Exploring potential differences in ultra-processed food consumption among Brazilian children aged 2 to 4 in 2022 among B and D MISFS-R clusters

Author

Daniel Vartanian & Jaqueline Lopes Pereira

Published

2025-03-30

License: MIT License: CC BY 4.0

Overview

This report presents a data analysis exercise for the course An Introduction to the R Programming Language.

The analysis explores potential differences in ultra-processed food consumption among Brazilian children aged 2 to 4 in 2022, focusing on clusters B and D of the Revised Multidimensional Index for Sustainable Food Systems (MISFS-R).

This exercise is for educational purposes only.

The data requires additional cleaning and validation to ensure its suitability for real-world applications. This analysis assumes the data is valid and reliable, which may not necessarily hold true.

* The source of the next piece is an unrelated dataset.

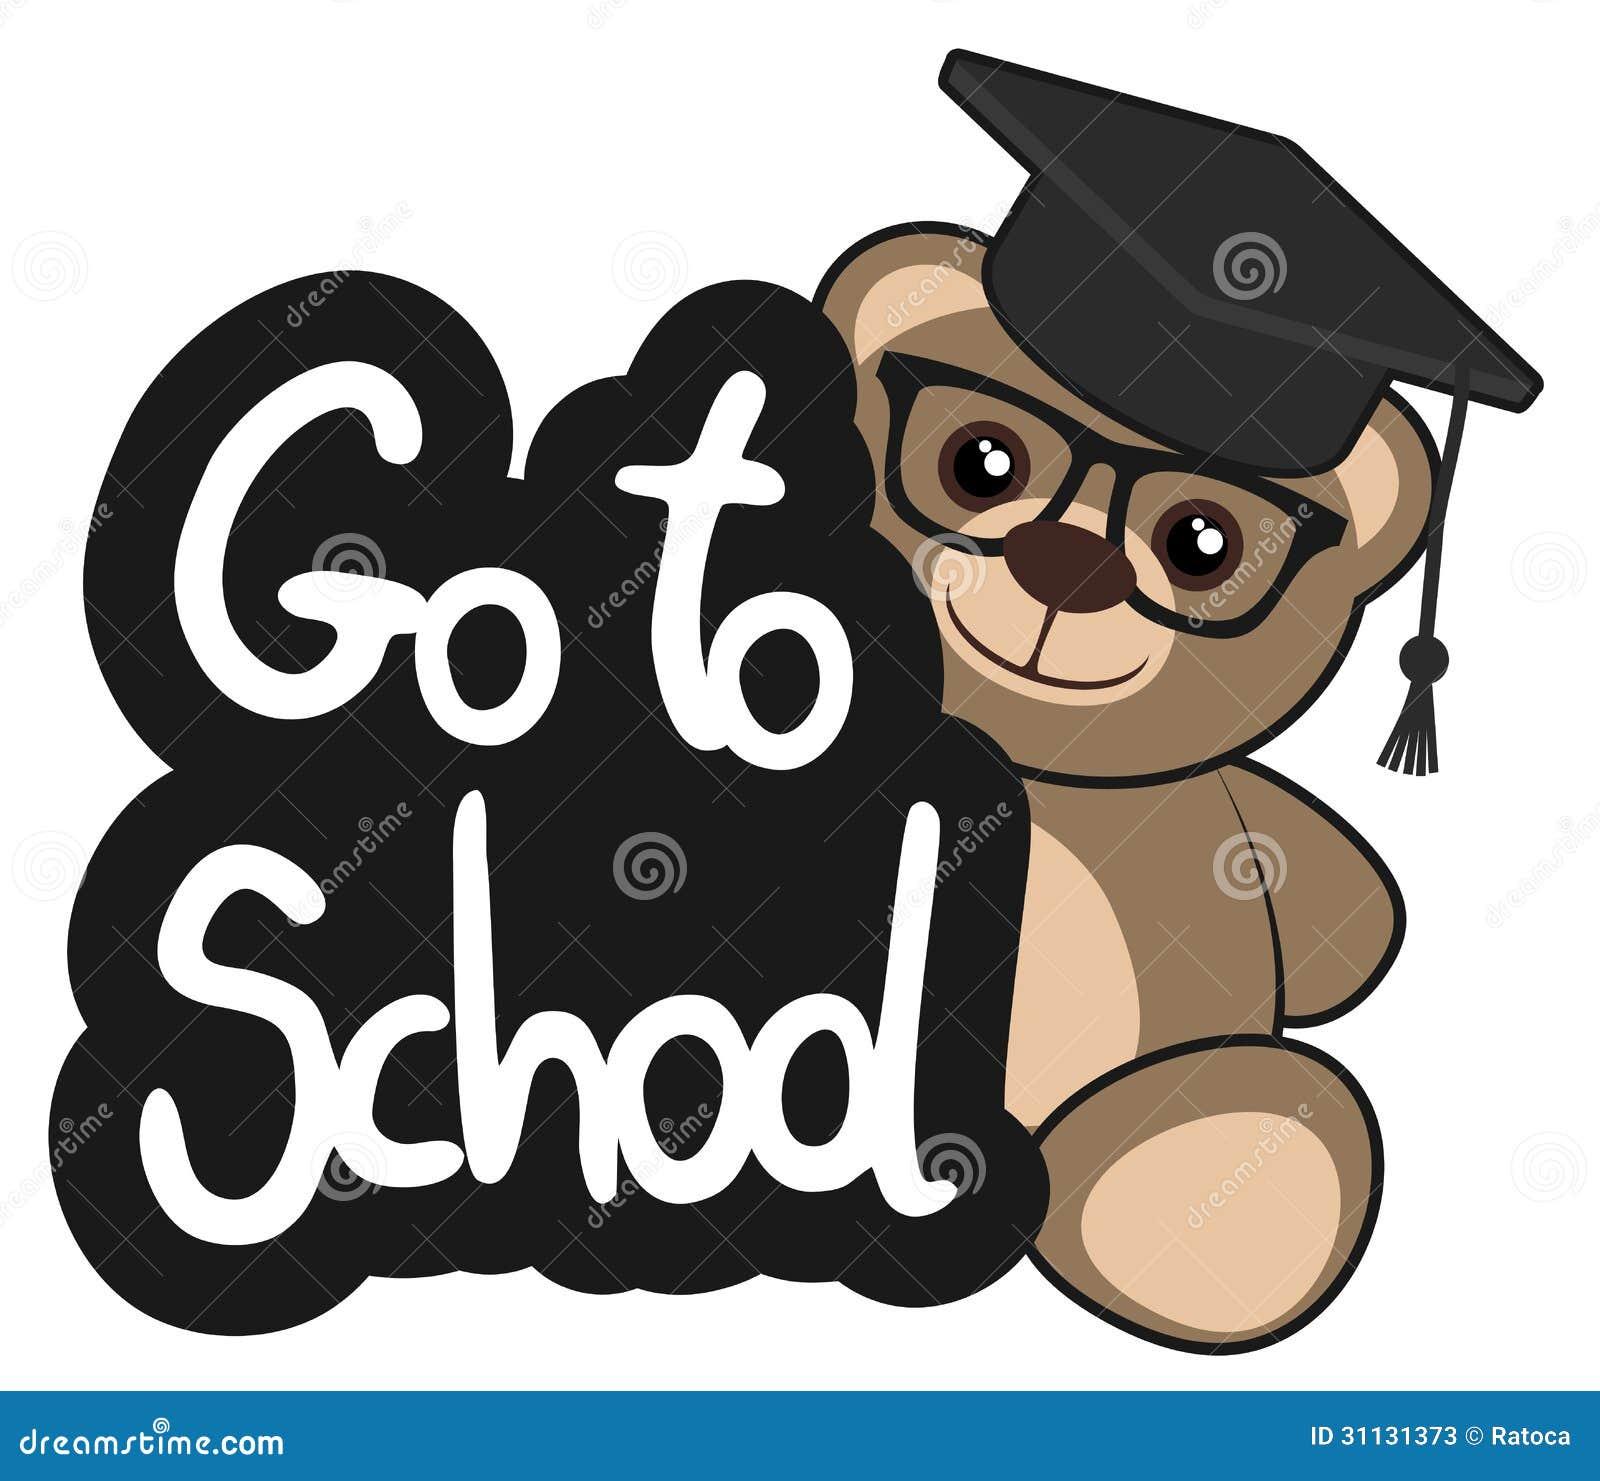 Go To School Stock Photos - Image: 31131373

Furthermore, the assumptions underlying the statistical tests were not explicitly verified. For simplicity, it was presumed that the data satisfies all necessary assumptions. Consequently, the validity of the statistical test results may be compromised.

Question

This analysis seeks to address the following question:

Was there a meaningful difference in ultra-processed food consumption among Brazilian children aged 2 to 4 in 2022 across the clusters B and D of the Revised Multidimensional Index for Sustainable Food Systems (MISFS-R)?

MISFS is a multidimensional index designed to assess the sustainability of food systems at a subnational level in Brazil, incorporating local behaviors and practices. The MISFS-R is a revised version that introduces new indicators and a refined methodology (Figure 1). For more details, see Carvalho et al. (2021) and Norde et al. (2023).

Figure 1: Dendrogram for cluster analysis between Brazilian states considering all the Revised Multidimensional Index for Sustainable Food Systems (MISFS-R) indicators and geographical location of each cluster.

Source: Reproduced from Norde et al. (2023).

Methods

Approach and Procedure Method

This study employed the hypothetical-deductive method, also known as the method of conjecture and refutation (Popper, 1972/1979, p. 164), as its problem-solving approach. Procedurally, it applied an enhanced version of Null Hypothesis Significance Testing (NHST), grounded on the original ideas of Neyman-Pearson framework for data testing (Neyman & Pearson, 1928a, 1928b; Perezgonzalez, 2015).

Source of Data/Information

The data used in this analysis were sourced from Brazil’s Food and Nutrition Surveillance System (SISVAN), regarding the dataset on ultra-processed food consumption (Sistema de Vigilância Alimentar e Nutricional, n.d.).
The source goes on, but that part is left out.